= Antonia Maria Girelli =

Italian opera singer

Antonia Maria Girelli, also known as Maria Antonia Girelli Anguilar, (ca. 1730 - died after 1773), was an Italian operatic soprano.

==Biography==
Antonia Maria Girelli was born in Bologna in c. 1730. She began her career as a dancer at the Teatro San Samuele in Venice in 1752; giving her first performances during Carnival in Ferdinando Bertoni Le pescatrici and Baldassare Galuppi's Le virtuose ridicole. She transitioned into work as a singer. Although the exact nature of her training as a musician is unknown, it is likely that she devoted the years 1752 to 1755 preparing for a career as a vocalist.

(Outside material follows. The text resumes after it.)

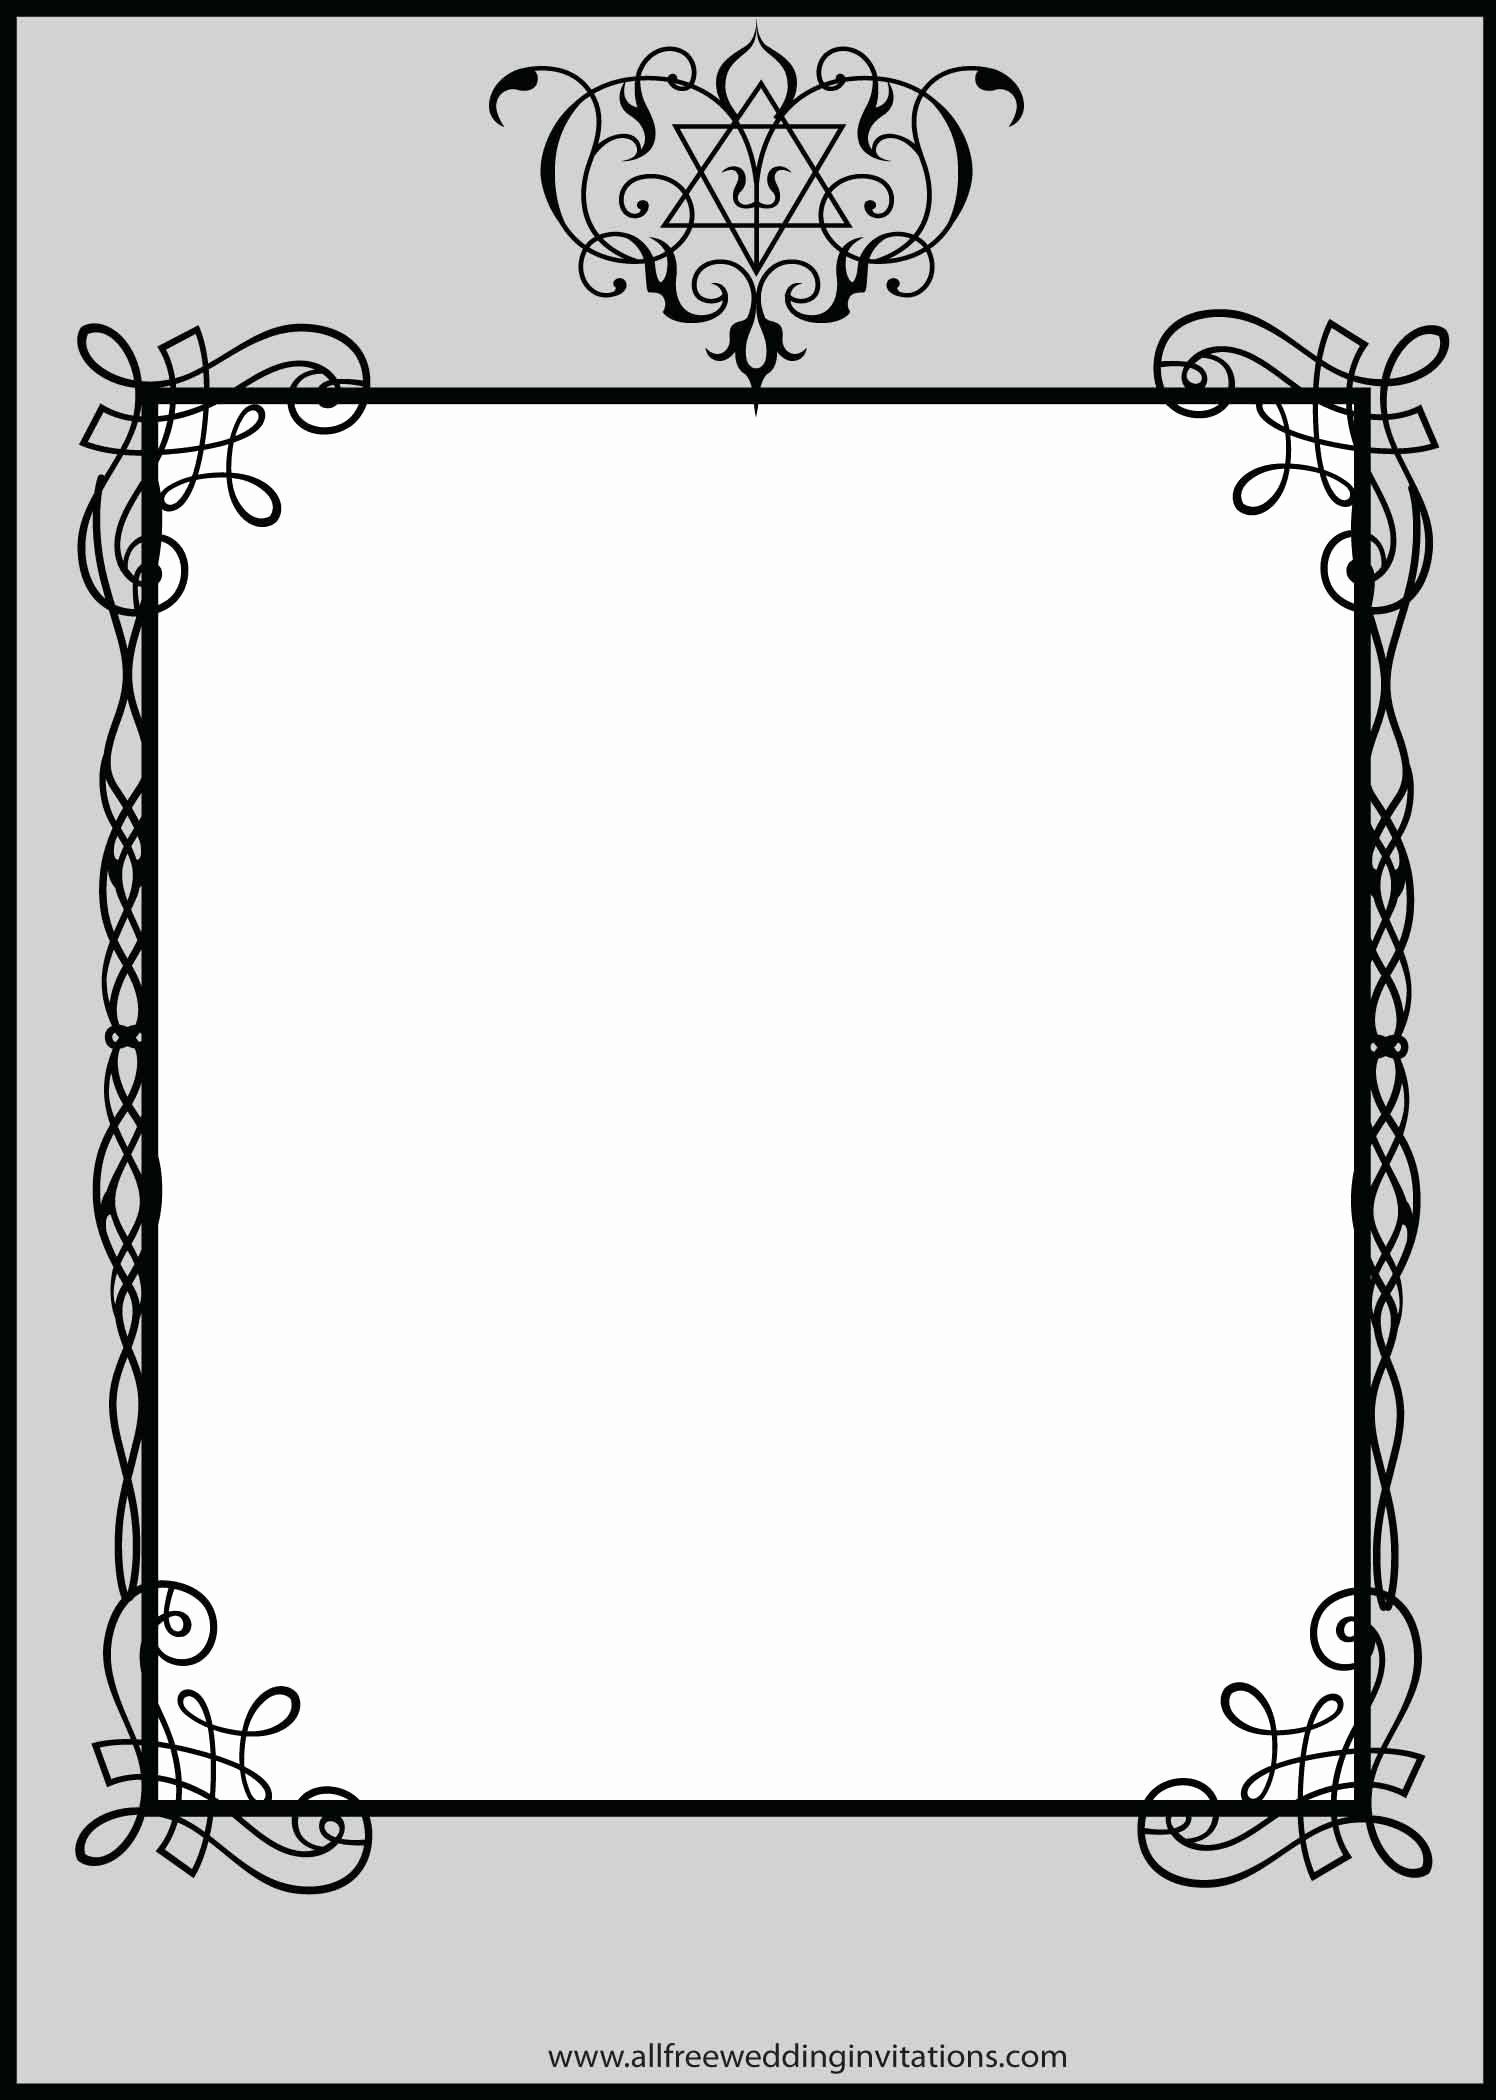 Blank formal Invitation Template

She had a career as a soprano.

Girelli worked as a singer first in Florence in 1756-1757; making her professional debut at the Teatro della Pergola as Timagene in Galuppi's Alessandro nell'Indie (1756). In 1759 she performed at the Teatro San Angelo in Venice. She sang leading roles in Prague at the Divadlo v Kotcích; performing there in 1760–1761 and again in 1764-1765. In Prague her repertoire included Giuseppe Scarlatti's Adriano in Siria (1760).

In 1763 Girelli performed in the premiere of Gluck's Il trionfo di Clelia at the Teatro Comunale di Bologna. In 1765 she portrayed Ariene in the premiere of Antonio Sacchini's Creso at the Teatro di San Carlo in Naples. In 1769 she sang Euridice in the first performance in Italy of Gluck's Orfeo ed Euridice. It was performed as one part of the Le feste d'Apollo; a collection of works staged in celebration of the wedding of Ferdinand, Duke of Parma and Archduchess Maria Amalia of Austria.

In 1771 Girelli created roles in the world premieres of multiple operas at the Teatro Regio Ducale in Milan, including the part of the nymph Silvia in Mozart's Ascanio in Alba and the role of Asteria in Josef Mysliveček's Il gran Tamerlano. In 1772-1773 she was committed to the King's Theatre, London where she performed in operas by Gluck, Sacchini, Tommaso Giordani, Gaetano Pugnani, and Mattia Vento. Charles Burney criticized her singing in London, describing her intonation as "frequently false". She died sometime after 1773.